Подсудимого в аквариуме уже не было. Прокурорша, Лисичка и адвокатесса склонились у стола судьи, что-то деловито обсуждая, и только Елена Львовна Кац повернулась, чтобы посмотреть на последний парад победителей.
Пятница, 4 августа, 12.30
— Нет, так это нельзя оставлять! — «Гурченко» встала посреди двора суда, через который они проходили молчаливой и понурой процессией, — Кузякин, вы же Журналист! Вы должны написать обо всем этом в газету. Я подпишу!
— Что вы подпишете, Клава? — спросил Старшина.
— Я поеду к Рыбкину в больницу и посмотрю, чем он там заболел.
— Вы что, врач? — спросила Роза.
— Мне тоже в б-больницу!.. — спохватился Слесарь, — Ну все, до-до-до свидания…
Роза подумала, не пойти ли за ним и не дать ли ему все-таки хотя бы долларов двести, но в этом не было никакого смысла. У всех кто-нибудь умирает рано или поздно, что ж, она теперь так и будет всем по двести долларов раздавать?
— Все, Клава, гонг, — объяснил Шахматист. — Время матча истекло. А что, можно сказать, мы сыграли вничью. Пока, ребята…
Он повернулся и тоже пошел, унося свою шахматную доску под мышкой.
— А зарплата? — вспомнила Анна Петровна, — Зарплату мы должны получить?
— Я зайду к Оле и все уточню, — пообещал Зябликов, — Я всем позвоню потом…
Он повернулся и, прихрамывая, пошел обратно в суд. На самом деле он хотел еще раз поговорить с Еленой Львовной, и теперь уже ничто не мешало ему это сделать.

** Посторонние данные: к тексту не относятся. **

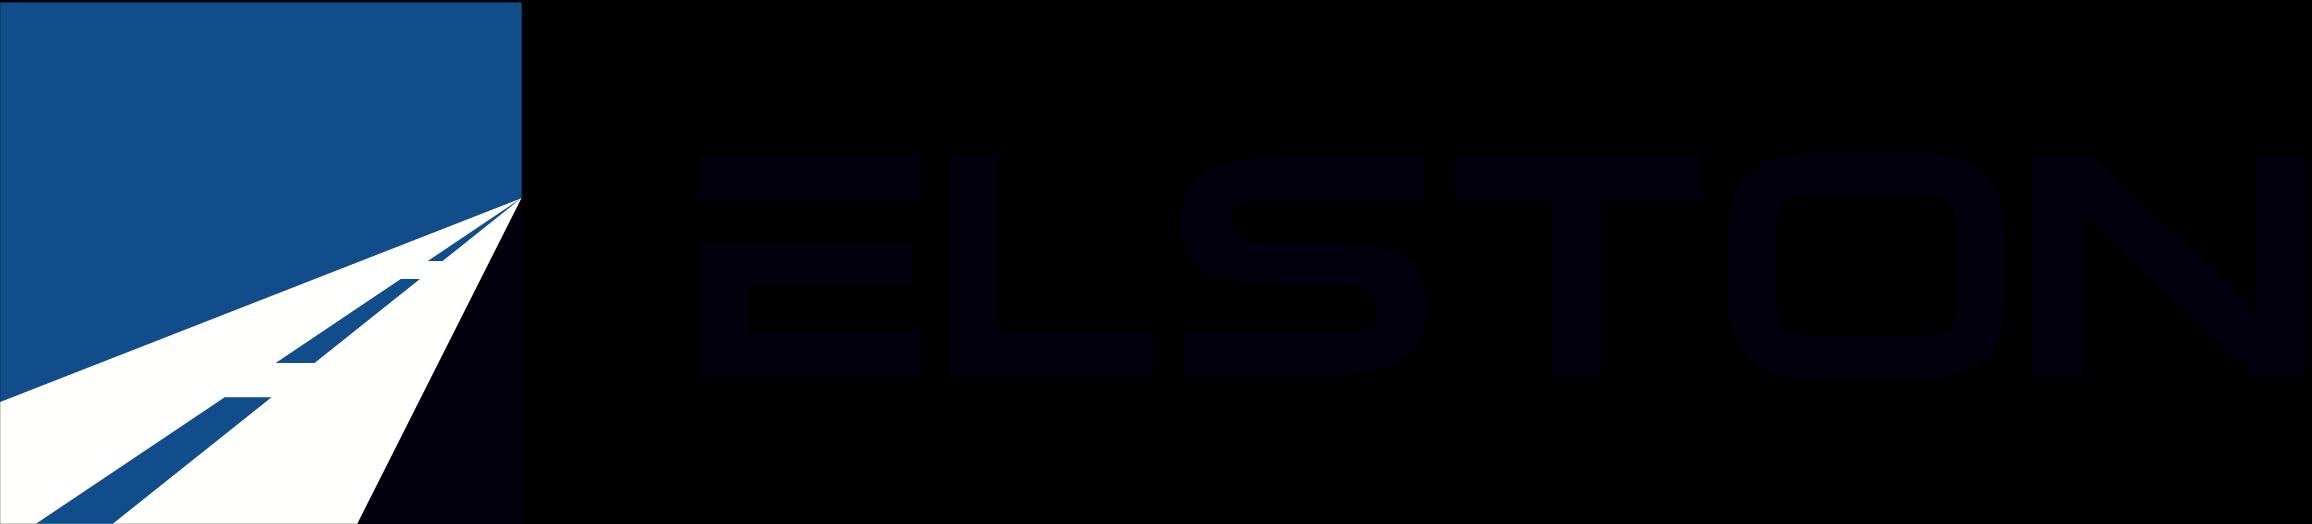 Elston Logo.png

Только надо было спокойно, а не так, чтобы всем кагалом.
Пятница, 4 августа, 16.00
Алла Суркова без труда узнала в справочной «скорой помощи», что Арнольда Михайловича Рыбкина накануне поздно вечером увезли в ту же больницу, где совсем недавно лежал судья, только на другой этаж, в кардиологию.
— Не больше десяти минут, — предупредила ее медсестра, подавая Алле чистый белый халат, который оказался ей чуть великоват, и бахилы. — Больному сейчас показаны положительные эмоции, но ему нельзя переутомляться.
Больница эта напоминала скорее санаторий, да и то в межсезонье, так было тихо. Алла прошла бесшумным коридором, устланным зеленой ковровой дорожкой, в смешных голубых бахилах до двери палаты, постучалась и вошла. Рыбкин лежал на кровати в спортивном костюме и смотрел телевизор.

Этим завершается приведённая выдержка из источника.